Creating ECS Task Definitions

The ECS Task Definition is the main configuration for applications running on ECS. Various settings for the application can be defined in the ECS Task Definition^[3].

Launch Type
Docker Image to Use
Memory and CPU Requirements
OS
Docker Networking Mode
...

The launch type is specified as "FARGATE". When using the Fargate launch type, the following settings are restricted:

The network mode must be awsvpc.
In the container definitions (container_definitions):
- The hostPort in port mappings (portMappings) must be empty or the same as containerPort.
- The log configuration specification (logConfiguration):
  - The logDriver must be one of the following:
    - awslogs
    - splunk
    - awsfirelens
  - awslogs-stream-prefix is mandatory.

Other restrictions exist, but they are generally intended to ensure Fargate's operation. The log configuration specification uses the awslogs log driver to send container logs to CloudWatch Logs. The cpu and memory specified in the ECS Task Definition represent the total for all containers in the task. It is also possible to define these for each container, but the total values for each container must not exceed the settings in the ECS Task Definition.

ecs_task.tf

resource "aws_ecs_task_definition" "mz_dev_app" {
  family                = "${local.prefix}-site"
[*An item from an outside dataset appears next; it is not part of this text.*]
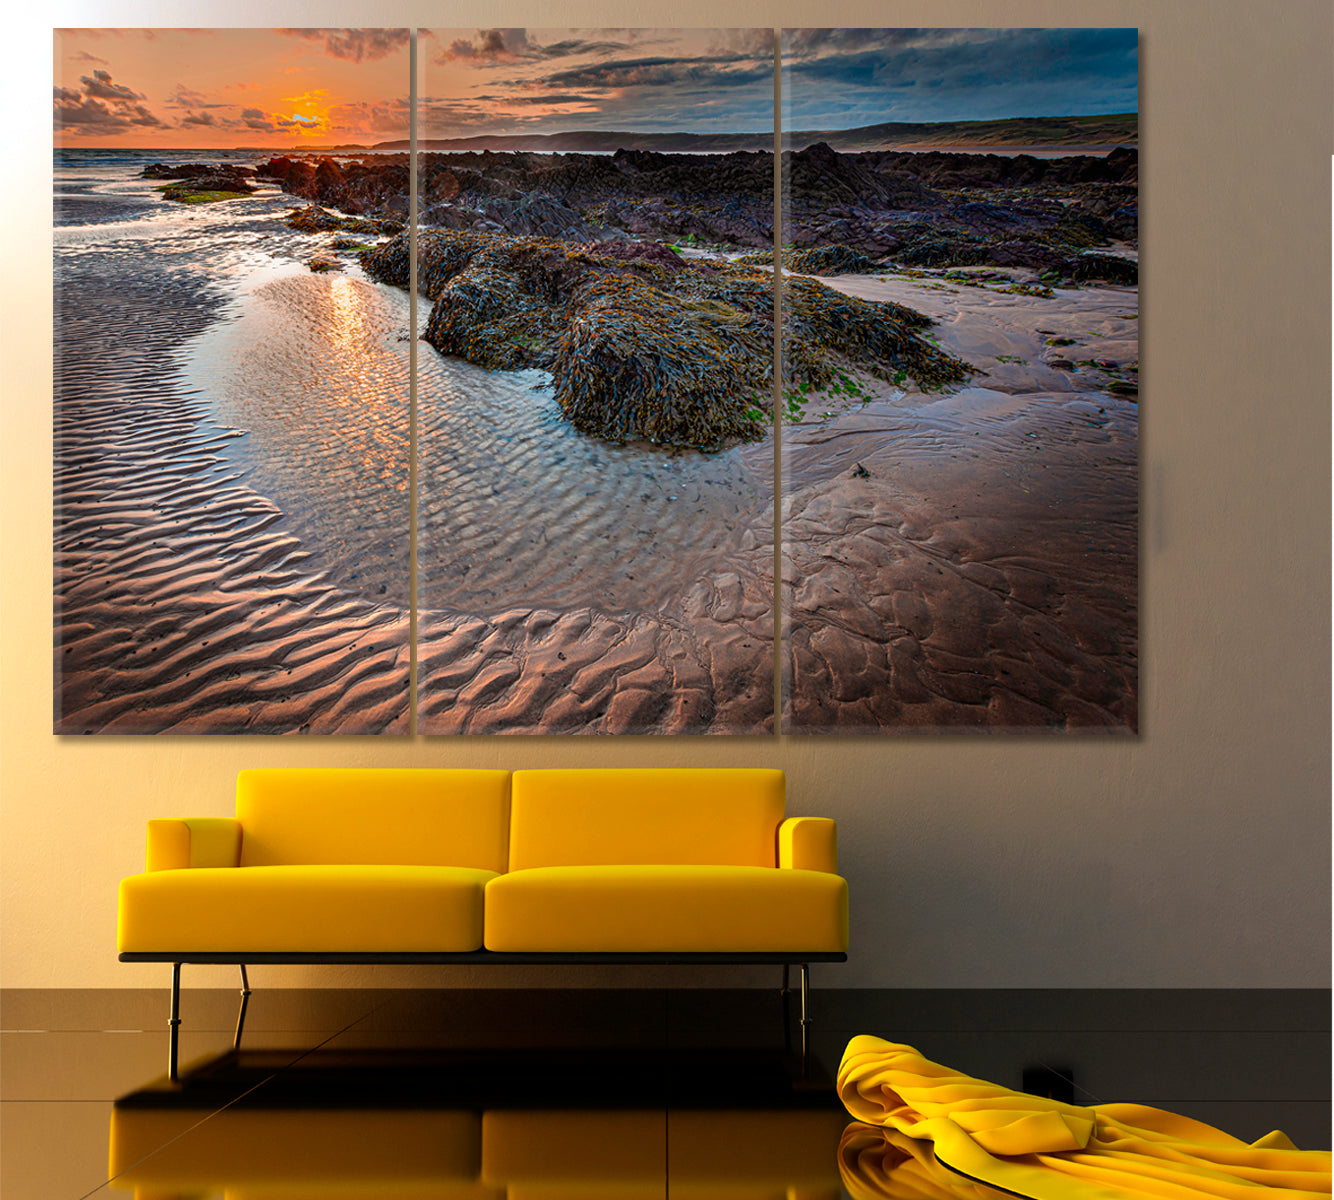 TRANQUILITY Ethereal Sunset Scene Beautiful Rocky Beach Scenery Landscape Fine Art Print Artesty 3 panels 36" x 24"

  container_definitions = <<EOF
[
    {
        "name": "${local.app_name}",
        "image": "public.ecr.aws/docker/library/httpd:latest",
        "portMappings": [
            {
                "containerPort": 80,
                "hostPort": 80,
                "protocol": "tcp"
            }
        ],
        "essential": true,
        "entryPoint": [
            "sh",
            "-c"
        ],
        "command": [
            "/bin/sh -c \"echo '<html> <head> <title>Amazon ECS Sample App</title> <style>body {margin-top: 40px; background-color: #333;} </style> </head><body> <div style=color:white;text-align:center> <h1>Amazon ECS Sample App</h1> <h2>Congratulations!</h2> <p>Your application is now running on a container in Amazon ECS.</p> </div></body></html>' >  /usr/local/apache2/htdocs/index.html && httpd-foreground\""
        ],
        "logConfiguration": {
            "logDriver": "awslogs",
            "options": {
                "awslogs-group": "${aws_cloudwatch_log_group.mz_dev_app.name}",
                "awslogs-region": "ap-northeast-1",
                "awslogs-stream-prefix": "${local.app_name}"
            }
        }
    }
]
EOF

  execution_role_arn       = aws_iam_role.ecs_task_exec.arn
  task_role_arn            = aws_iam_role.mz_dev_app.arn

  network_mode             = "awsvpc"
  requires_compatibilities = ["FARGATE"]
  cpu                      = var.ecs_task.cpu
  memory                   = var.ecs_task.memory
}

Below is the definition of the CloudWatch log group for the application defined in the ECS Task Definition.

ecs_task.tf

resource "aws_cloudwatch_log_group" "mz_dev_app" {
  name              = "/aws/ecs/fargate/${local.app_name}"
  retention_in_days = var.log_retention_in_days
}

Creating ECS Services

ECS tasks can be launched standalone, but they are usually launched from ECS services. Standalone ECS tasks are typically used for applications that perform some processing and then stop, such as batch processes.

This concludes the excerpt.